Issue: WON the Philippine Overseas Employment Administration (or the Secretary of Labor) validly
issue warrants of search and seizure (or arrest) under Article 38 of the Labor Code

Held:

No. Under the new Constitution, it states that. . . no search warrant or warrant of arrest shall issue
except upon probable cause to be determined personally by the judge after examination under oath
or affirmation of the complainant and the witnesses he may produce, and particularly describing
the place to be searched and the persons or things to be seized. It is only a judge who may issue
warrants of search and arrest.

Section 38, paragraph (c), of the Labor Code, as now written, was entered as an amendment by
Presidential Decrees Nos. 1920 and 2018 of the late President Ferdinand Marcos, to Presidential
Decree No. 1693, in the exercise of his legislative powers under Amendment No. 6 of the 1973
Constitution. Under the latter, the then Minister of Labor merely exercised recommendatory
powers: prLL

(c) The Minister of Labor or his duly authorized representative shall have the power to
recommend the arrest and detention of any person engaged in illegal recruitment. 6

On May 1, 1984, Mr. Marcos promulgated Presidential Decree No. 1920, with the avowed purpose of
giving more teeth to the campaign against illegal recruitment. The Decree gave the Minister of
Labor arrest and closure powers:

(b) The Minister of Labor and Employment shall have the power to cause the arrest and
detention of such non-licensee or non-holder of authority if after proper investigation it is
determined that his activities constitute a danger to national security and public order or will
lead to further exploitation of job-seekers. The Minister shall order the closure of companies,
establishment and entities found to be engaged in the recruitment of workers for overseas
employment, without having been licensed or authorized to do so. 7

On January 26, 1986, he, Mr. Marcos, promulgated Presidential Decree No. 2018, giving the Labor
Minister search and seizure powers as well:

(c) The Minister of Labor and Employment or his duly authorized representatives shall have
the power to cause the arrest and detention of such non-licensee or non-holder of authority
if after investigation it is determined that his activities constitute a danger to national
security and public order or will lead to further exploitation of job-seekers.
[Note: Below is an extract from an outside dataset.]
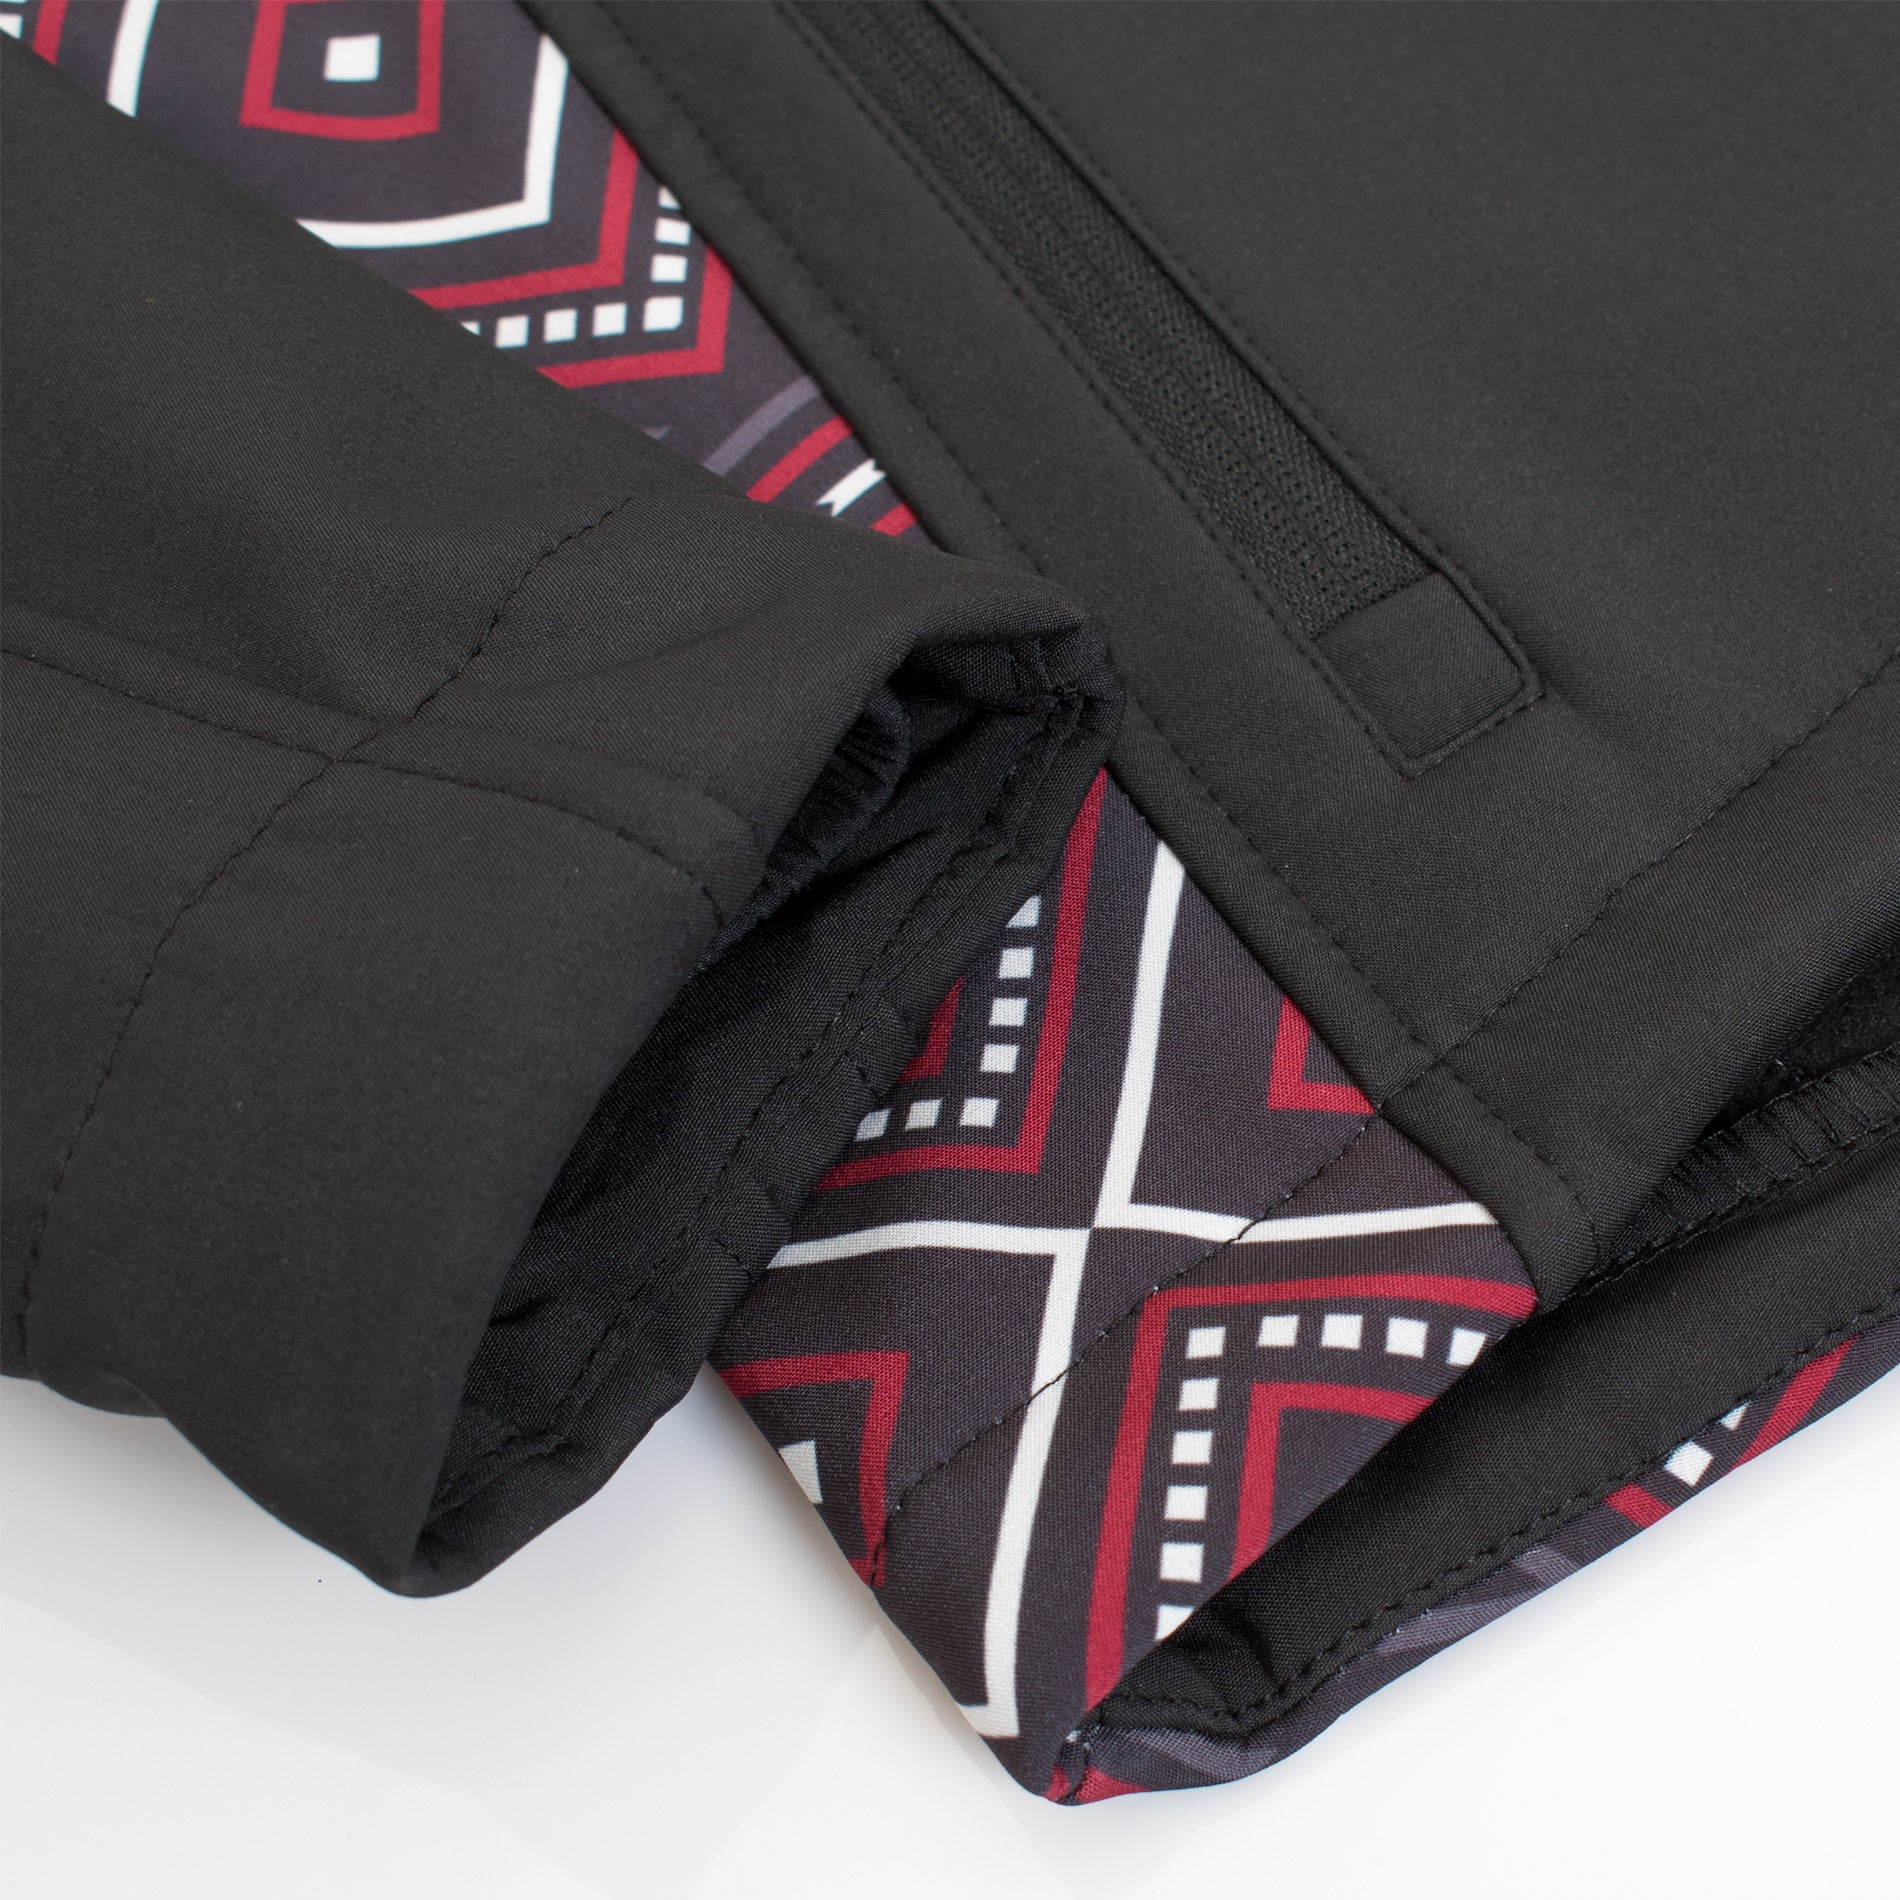 Women's Western Aztec Print Jacket -LJ650EMB-AZ-BLACK-RED

The Minister shall
order the search of the office or premises and seizure of documents, paraphernalia,
properties and other implements used in illegal recruitment activities and the closure of
companies, establishment and entities found to be engaged in the recruitment of workers for
overseas employment, without having been licensed or authorized to do so. 8

The above has now been etched as Article 38, paragraph (c) of the Labor Code.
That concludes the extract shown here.